The Devil in Disguise.


Words sweet like sugar but leave you with a sour aftertaste. The prettiest face with the most deceiving eyes. A heart capable to make yours break. I didn't go into it blindly but I went all in, no hesitation. I hate the word regret so I'm not gonna use it. The exit is right in front of me and I'm willingly deciding to walk past it every single day. 

Lies or feelings that faded? I'll never know. Manipulation or the moment's rush? I love the thrill either way. A hug that put back all my pieces only to break me even harder in ways I didn't know I could be divided. When you get a taste of heaven how could you ever go back to just being alive?

Scattered words and emotions untold. I'm a self called artist and she's my masterpiece. And when it all falls down, I'll be left with artwork like no other and the bittersweet taste of nothingness amongst the everything I felt for her. That's how I'll know it was all worth it. 
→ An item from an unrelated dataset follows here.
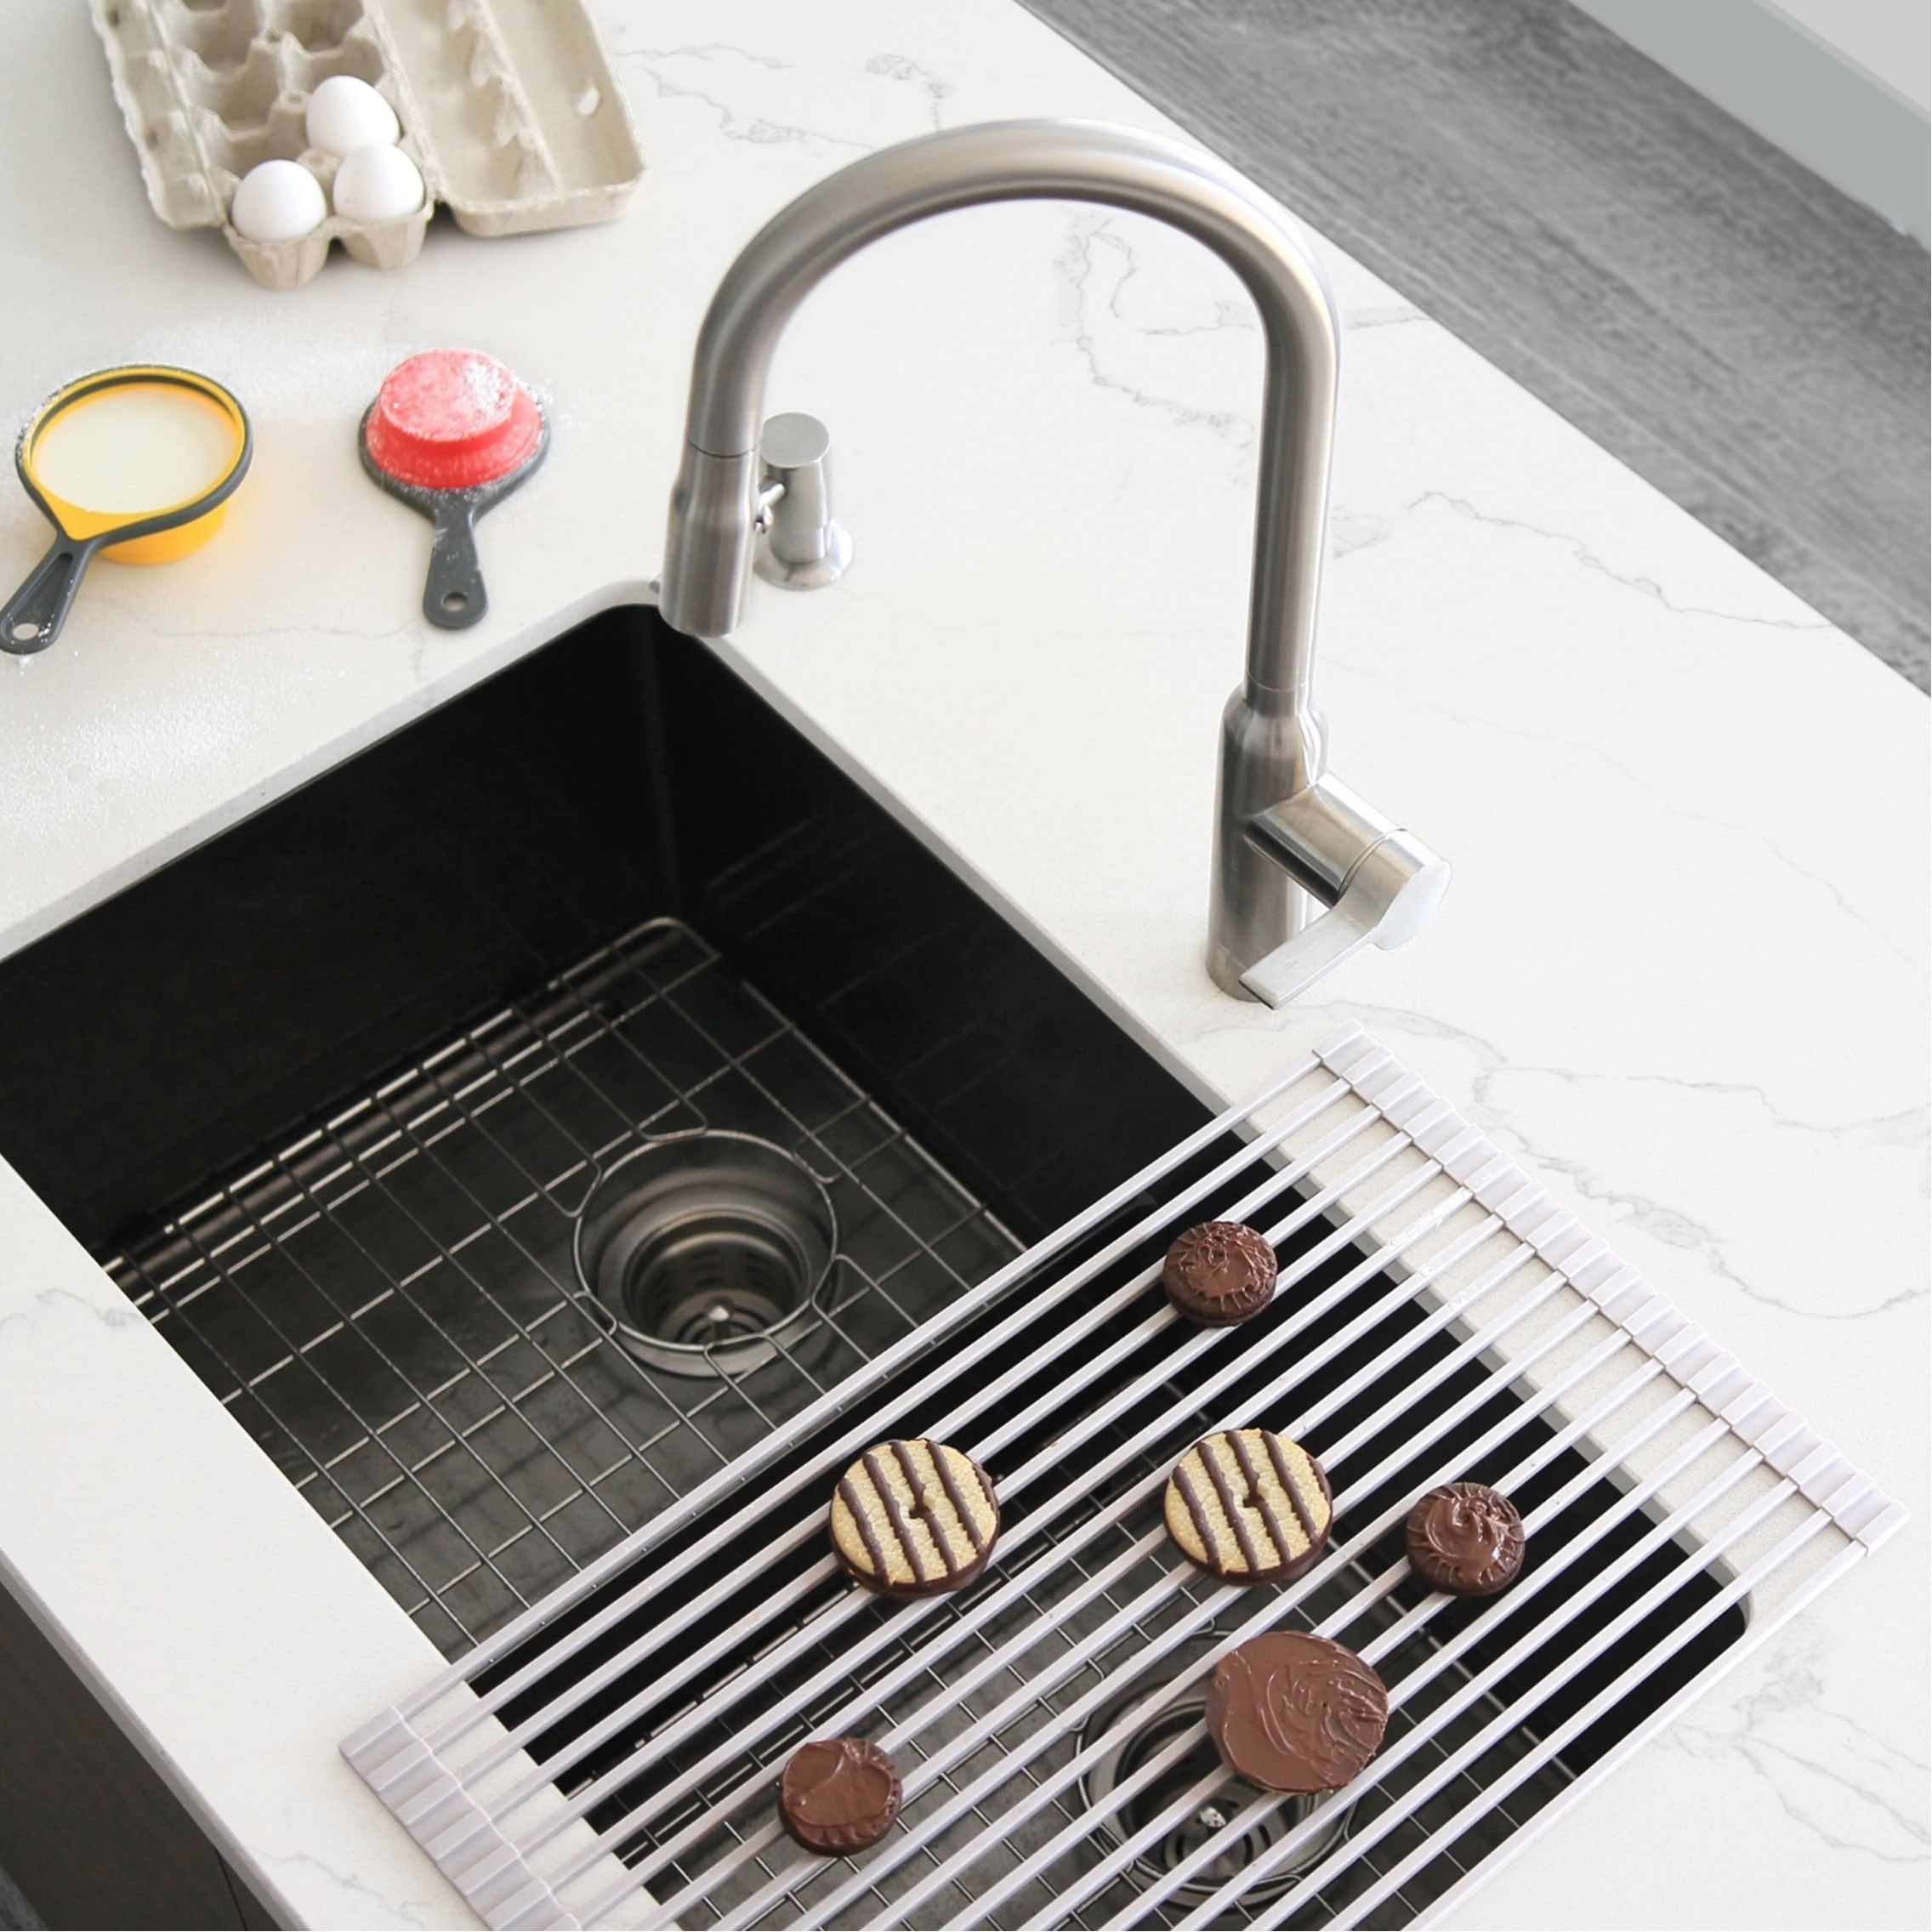 https://ak1.ostkcdn.com/images/products/is/images/direct/b1e27ac09f31f675a792a87e21072e915a9079af/STYLISH-Multipurpose-Over-Sink-Roll-Up-Dish-Drying-Rack.jpg

And I'll miss her every day I don't get to experience her energy in person, I'll try to find her in all kinds of sins. But there's no one just like the devil you know. So I might keep going back to her until I'm all out of inspiration or words to tell her worth listening.

I tried to make her mine in so many ways ever since I met her. But I could never tame a beast so rare. All the things she told me I've heard before, but how she managed to make me believe them again, even a little bit, is unknown to me. 

She woke my muse and my past traumas. I'm always fully aware of it but refuse to let go. I saw the end before we even began. I guess my need for chaos is stronger than my survival instinct. She's been a nightmare all along but all I can do is daydream about her.